Poi c’è un’altra differenza meno evidente, più sottile ma che va presa in considerazione. Vedendo la partita tra Italia e Svizzera mi è capitato di fare una considerazione. Quella squadra elvetica così compatta, ben organizzata è costituita da calciatori che giocano quasi tutti in campionati stranieri, in Italia, in Germania, in Francia. La cosa è interessante. Seguendo il calcio da molto tempo, io ricordo i tempi in cui l’avere in nazionale calciatori che nel corso dell’anno militano in squadre straniere era considerato un problema. Se ne parlava spesso ai tempi andati a proposito del Brasile. Quando la nazionale verdeoro, pur avendo a disposizione i suoi grandi talenti, attraversava momenti poco felici, le sue difficoltà erano attribuite proprio al fatto che i suoi campioni giocavano in prevalenza all’estero, in Europa, in varie nazioni, varie squadre con idee e pratiche calcistiche diverse e tutto ciò metteva in  crisi l’equilibrio, l’amalgama della squadra.

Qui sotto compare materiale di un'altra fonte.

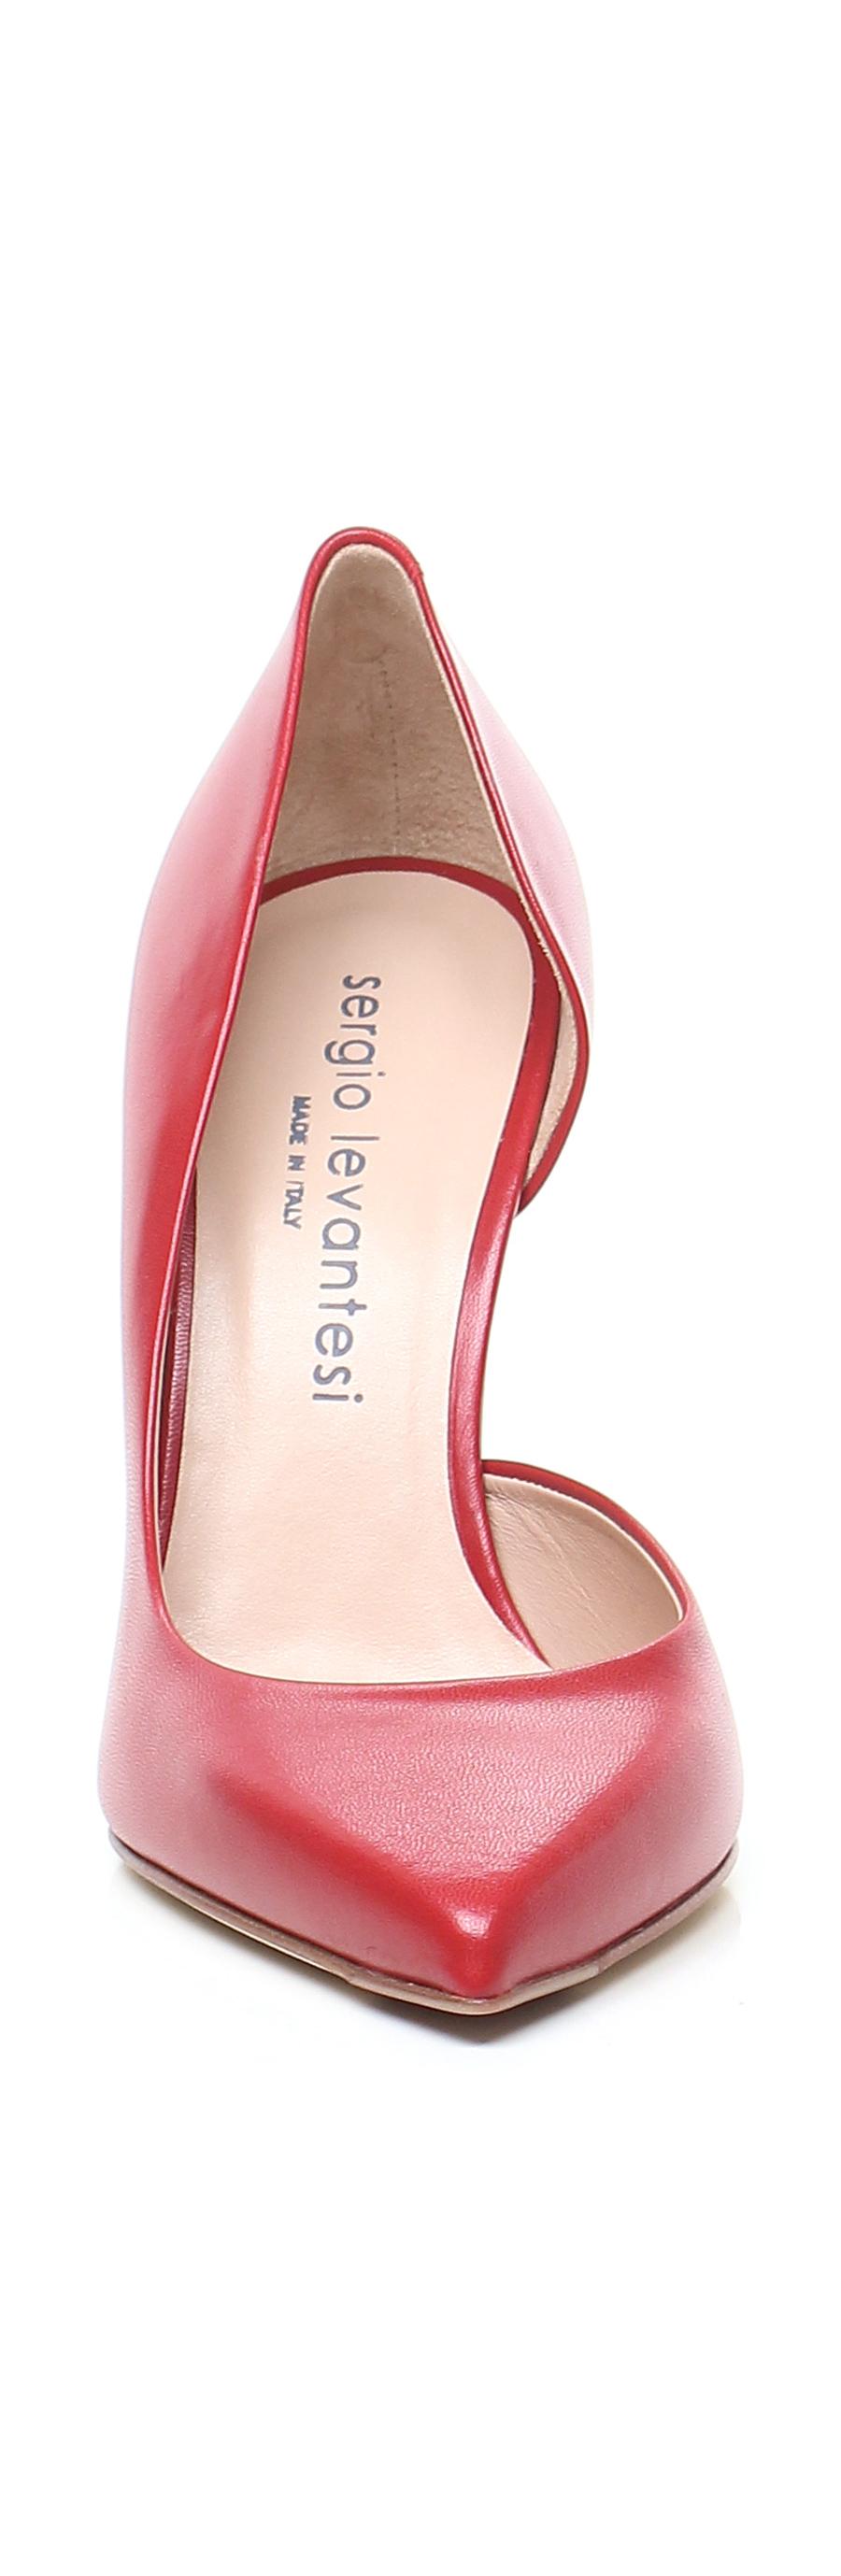 Scarpa Scarpa Scarpa con tacco Rubino Sergio Levantesi 73a2b1

Oggi tutto è cambiato, raggruppare atleti che nel corso dell’anno agiscono in contesti diversi non è più un problema ma una ricchezza. Significa portare all’interno della propria rappresentativa nazionale conoscenze nuove, esperienze maturate altrove, duttilità nell’adattarsi alle diverse situazioni. Non sarà un caso che a ben leggere le formazioni, oltre a quella svizzera, si nota come le due punte dell’Inghilterra giochino in Spagna e in Germania, il perno del centrocampo spagnolo in Inghilterra, i più talentuosi francesi in Spagna e in Italia, quelli portoghesi in Inghilterra.

All’Italia manca anche tutto questo, nessuno dei nostri calciatori va a cercare stimoli in altri campionati, le uniche eccezioni sono state la vicenda non proprio esaltante di Donnarumma e quella, disastrosa di Tonali. Per il resto si preferisce la scelta più comoda, rassicurante del paese natio con  i suoi  orizzonti limitati, chiusi al confronto con il resto dell’Europa. Questo, purtroppo, non riguarda solo il calcio che è, anzi, proprio lo specchio fedele dell’Italia di oggi.